EMTG:同世代のナースも多いだろうからね。
蒼山:そうなんです。リアルな自分たちの心情を乗せて、歌詞をかいていったんです。
EMTG:なるほどね。今回歌詞のクレジットが“ねごと”になっているのは?
蒼山:歌詞を作るときに、「今の自分たちの気持ちを重ねたいんだ」ってメンバーに伝えて、3人からも意見をもらいながら書き進めていったので、そういうクレジット表記にしたんです。
藤咲:幸子(蒼山)が書いてくれた歌詞について、3人が想うことを言っていき、それをまとめながら歌詞にしていったんです。ナースでも私たちでも、みんな、生きていると“この先どうなっていくんだろう?”って考えることって日々あると思うんです。私たちもそんな時期はあったし、今もそんなことがあるし。でも、そういう想いを積み重ねてきた今だからこそ書ける歌詞になったんじゃないかなって思うんです。だからこそ伝わるんじゃないかなと。
蒼山:ねごとは、「sharp ♯」を作って少し変われたと思うんです。「sharp ♯」を作っている時期は、“ねごとってなんなんだろう?””自分たちをどう見せていけばいいんだろう?”って悩んでた時期でもあったので、そのままの感情が「sharp ♯」には入っているんです。「sharp ♯」が、闇の向こうにある光に向かっていく曲だとしたら、「Lightdentity」は、「sharp ♯」のツアーをしてきて、改めて、お客さんが自分たちのやったことに反応してくれた喜びと、4人でステージに立てていることの喜びや凄さを感じたことで、1本軸が出来たなって思うんです。「sharp ♯」の頃に闇の向こうで見ていた光の場所に、辿り着いて、自分たちが抱えているモノをみたときに、その自信をもっともっと強いモノにしていけるんじゃないかなって。まだ完成していない、そのままのねごとの気持ちを歌に出来た1曲になったと思いますね。
EMTG:Bメロの不思議な空気感がいいよね。
蒼山:Bメロは変拍子ですからね。めくるめく感じというか。鮮やかで、ちょっと不思議でっていう、ねごとらしさが出てる部分だと思いますね。
藤咲:すごくライヴ感もあると思いますね。楽曲的に、夏フェスを意識した曲調でもあるし、聴いてくれる人たちがライヴで体を揺らしてくれるのが見える1曲になったなって。
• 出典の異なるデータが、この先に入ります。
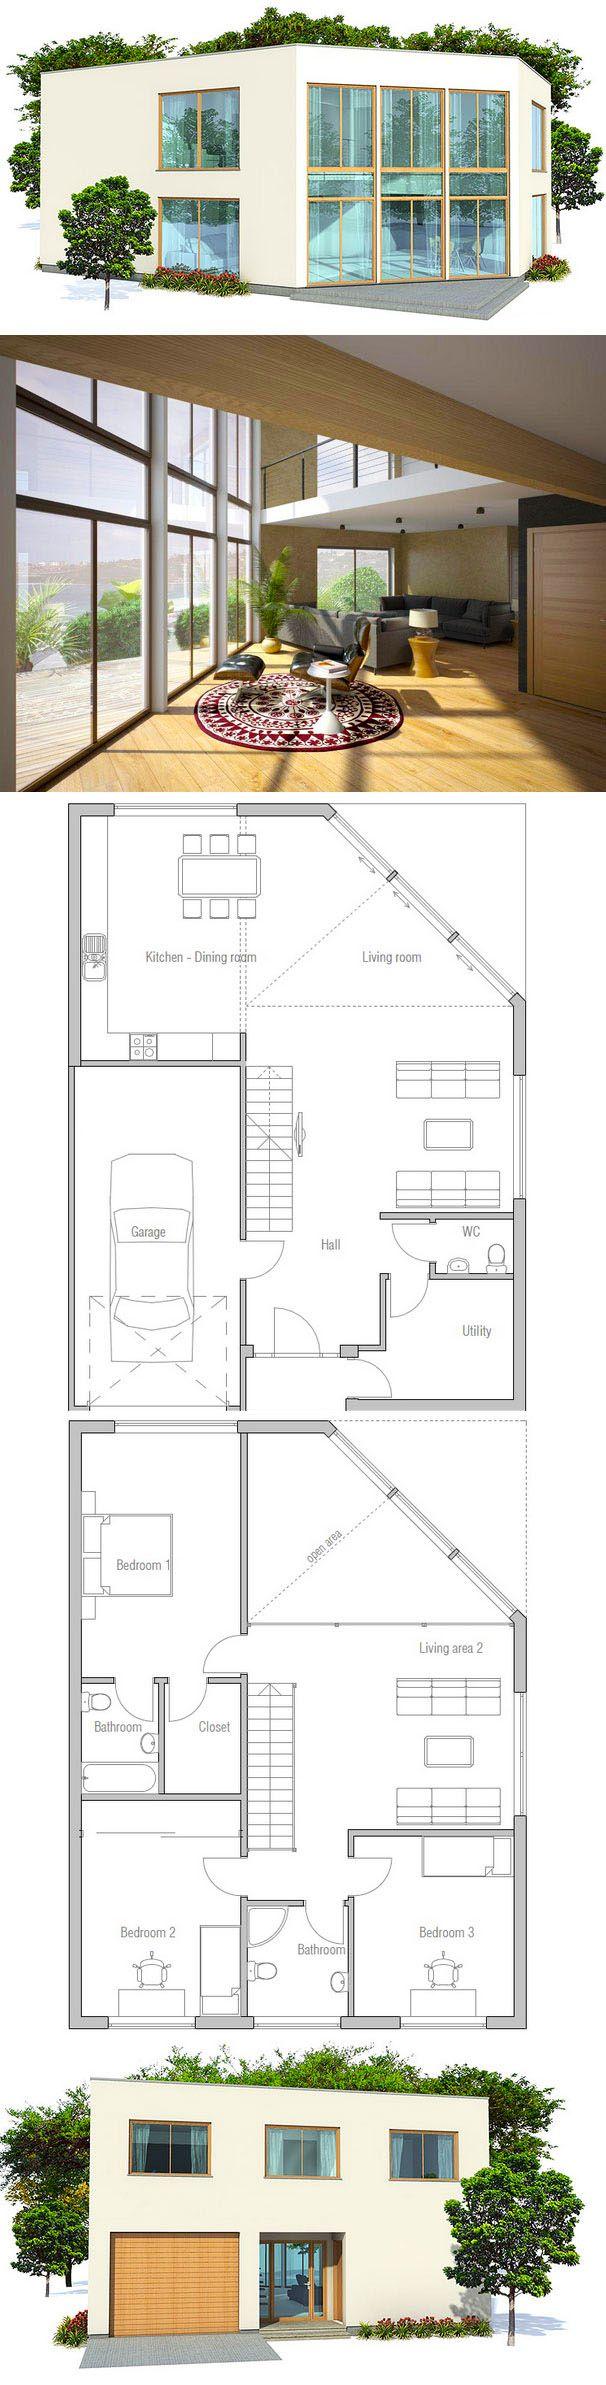 Inspirational Hausplan modernes Haus

いままでは、音を鳴らしていただけで楽しくてしかたないって感じだったんですけど、この曲は、聴いてくれる人のことを考えて作れたかなと。
蒼山:「Lightdentity」は、しっかりとノレるサウンドの上に、自分たちの想いを乗せられた1曲になったと思いますね。「Lightdentity」は、ライトとアイディンティティをくっつけた造語なんです。そこには、【今、苦しいと思う悩み事も、きっといつか、それは経験しておいて良かったと思える光に変わる】っていう気持ちを詰め込んだんです。
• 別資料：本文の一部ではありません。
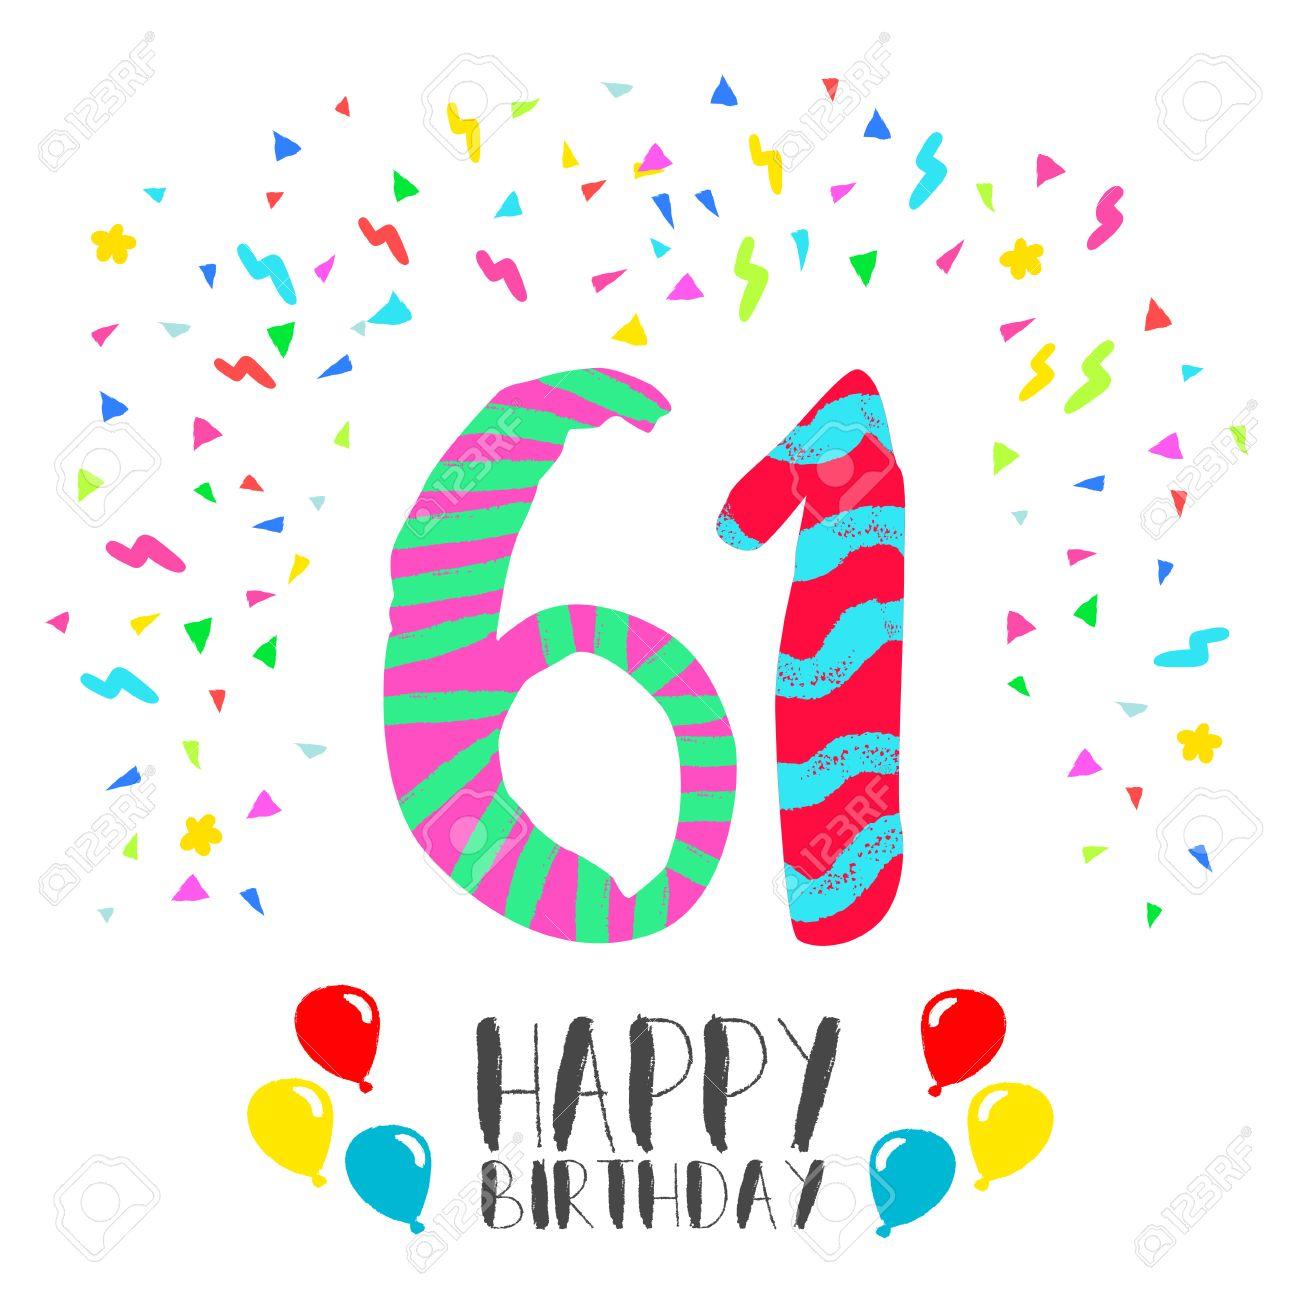 Número 61 Del Feliz Cumpleaños Tarjeta De Felicitación Por Sesenta Un Año En El Estilo Del Arte De La Diversión Con Confeti Partido Invitación Del

EMTG:「Re:myend!」はイントロにアジアっぽさを感じる曲だよね。
蒼山:そうですね。イントロとアウトロはあとから作り足した部分なんです。この曲は「sharp ♯」を作ってた頃に生まれた楽曲なんですが、中華っぽいイントロとアウトロをつけたことによって、洋楽っぽい流れがあって、ポップに振り切ったサビが、より栄えたかなと。この曲もすごくライヴ向きな1曲に仕上がったと思ってます。
EMTG:幸子さん(蒼山)の歌い方も特徴的だよね。
藤咲:語尾とか特徴的ですよね。なんか、ちょっと意地悪そうに歌ってるのが、すごく好きなんです(笑)。楽曲も、ちょっとパタパタしてるというか。ガシャガシャ感があるというか。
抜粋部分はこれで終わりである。